Commerzbank analysts Michael Pfister and Norman Liebke highlight that Mexico's latest inflation data and Banxico meeting minutes reinforce a dovish stance by the central bank, following a recent interest rate cut. The minutes indicate minimal upward revisions to inflation forecasts and no immediate need for Banxico to react to the Iran war shock, with further rate cuts expected if energy pressures remain contained. The analysts project that the Mexican Peso (MXN) will depreciate over the coming months, as Banxico is unlikely to deviate from its current policy unless energy inflation significantly impacts core inflation components, which is not anticipated in their base case scenario [1].
Meanwhile, Brown Brothers Harriman’s Elias Haddad reports that global markets are trading cautiously ahead of US-Iran ceasefire talks scheduled for the weekend in Islamabad. Brent crude oil prices have risen 8% from Wednesday’s low, US stocks are fluctuating, European stocks are up, and global bond yields have ticked higher but remain below end-March highs. The US Dollar Index (DXY) has stabilized, with Haddad suggesting that if shipping security fears have peaked, risk appetite could improve and anchor the DXY within a 96.00–100.00 range. Despite this, BBH maintains a structurally bearish USD view due to concerns over US trade and security policy, fiscal credibility, and Fed politicization [2].
Haddad notes that as long as US inflation and inflation expectations remain contained, the Federal Reserve will have room to resume easing to support the labor market and consumer spending, which has shown weakness.

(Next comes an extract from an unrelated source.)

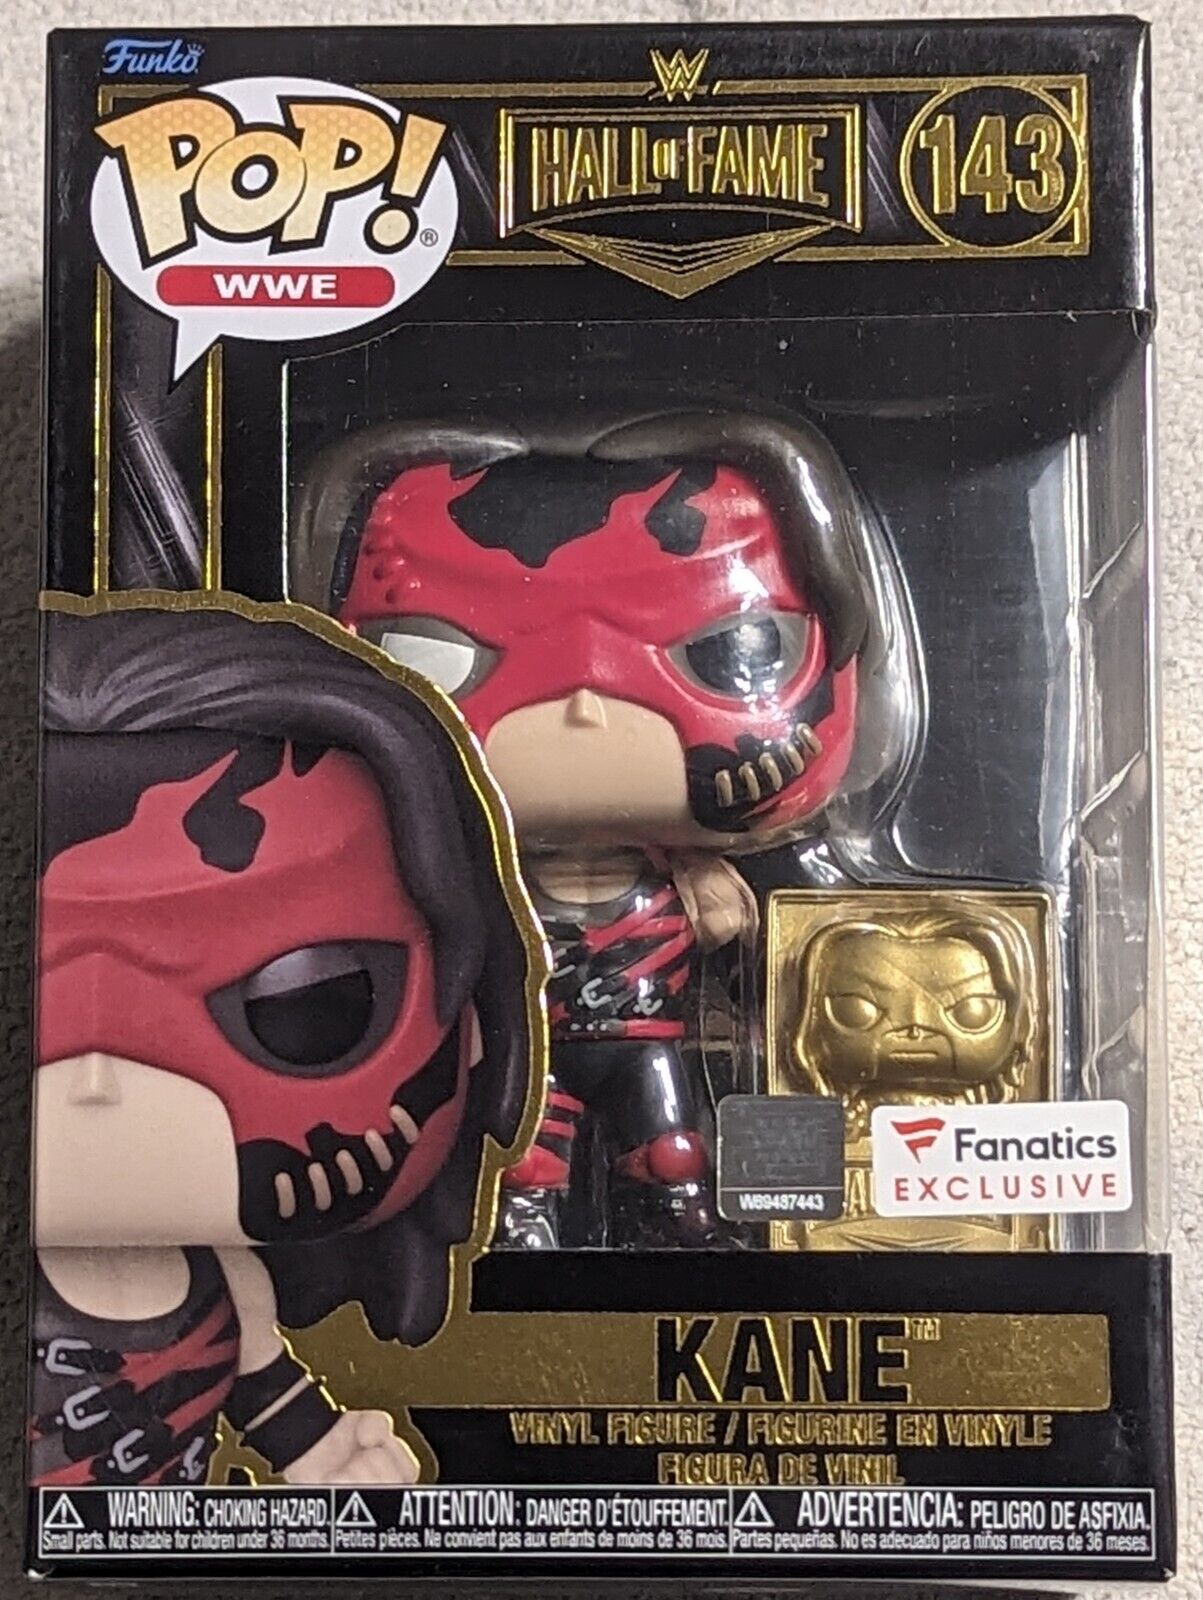 BRAND NEW Funko Pop Kane WWE Hall of Fame Exclusive LE 5000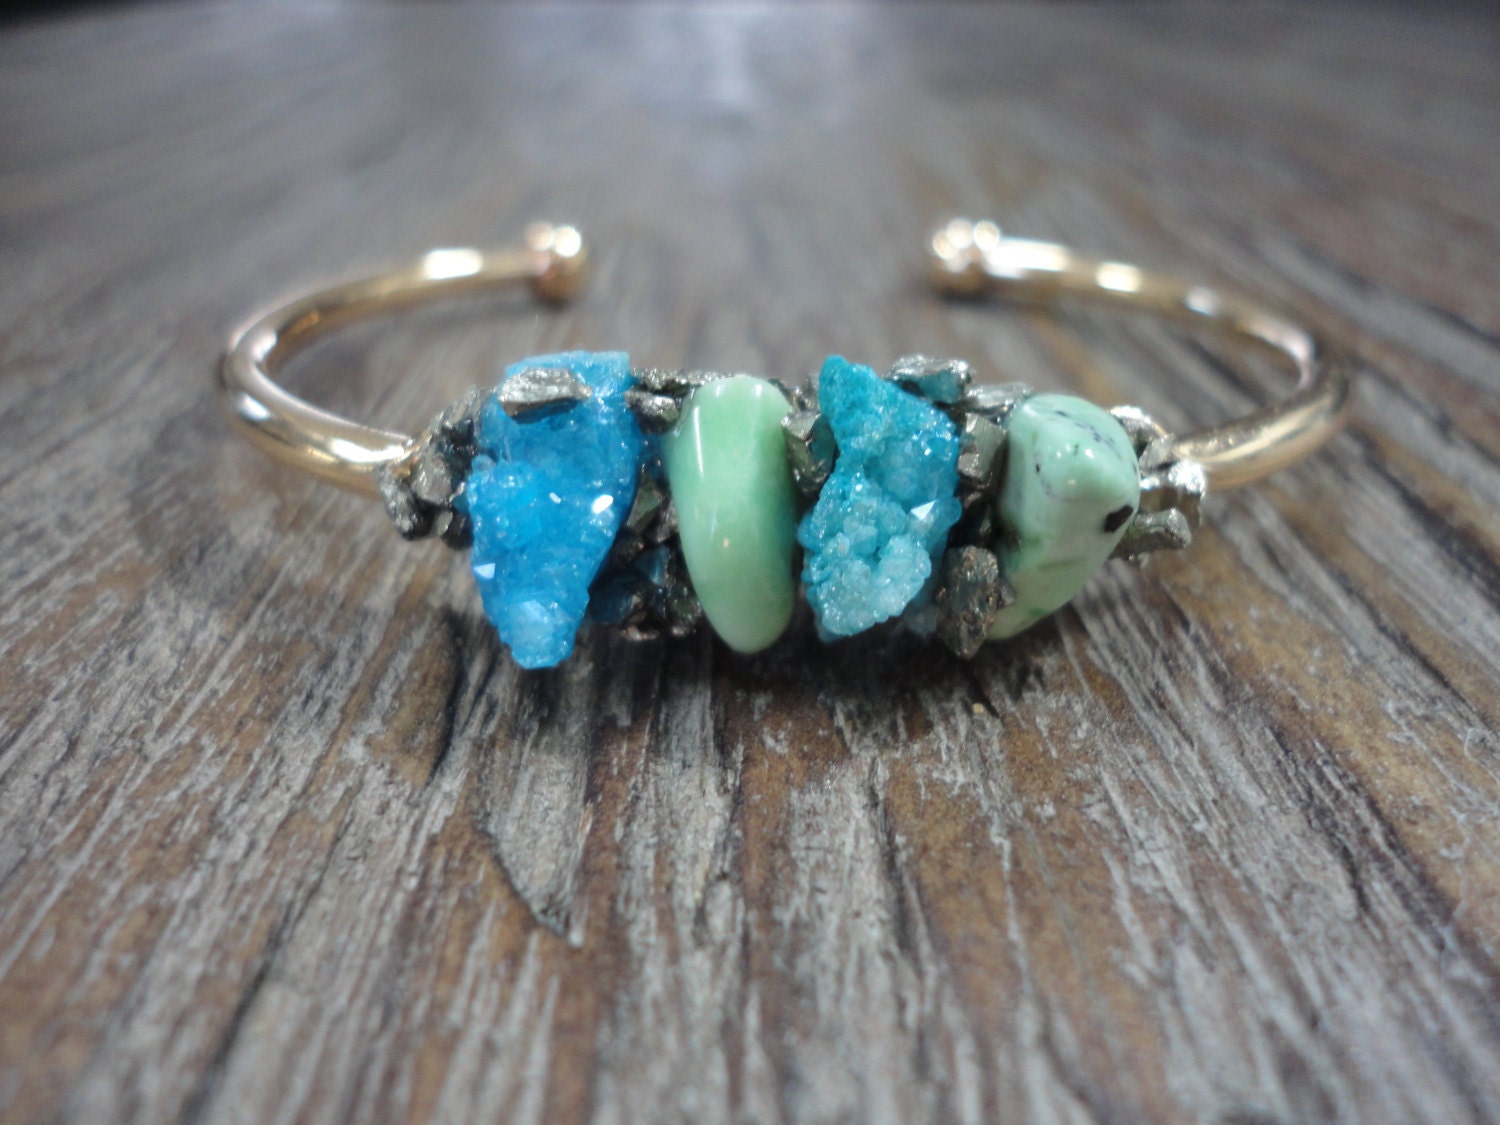 Druzy Agate and Green Turquoise with Pyrite Gold Cuff Open Bangle Bracelet/Modern Boho Bangle/Raw Crushed Pyrite

Real personal spending growth undershot consensus at 0.1% month-on-month in February (consensus: +0.2%) versus 0.0% in January (revised down from +0.1%) [2].
Both sources emphasize the importance of inflation dynamics and central bank policy in shaping currency outlooks. While Banxico’s dovish stance is expected to lead to further MXN depreciation, the USD’s stabilization is seen as contingent on easing shipping risks and contained inflation, with structural bearishness persisting due to US policy concerns [1][2].
CONCLUSION
Banxico's dovish approach and minimal inflation forecast revisions point to further MXN depreciation, while global markets remain cautious amid shipping risks and US-Iran talks. The USD has stabilized but faces structural bearishness tied to US policy and fiscal concerns. Overall, central bank policy and inflation trends are key drivers for both MXN and USD outlooks.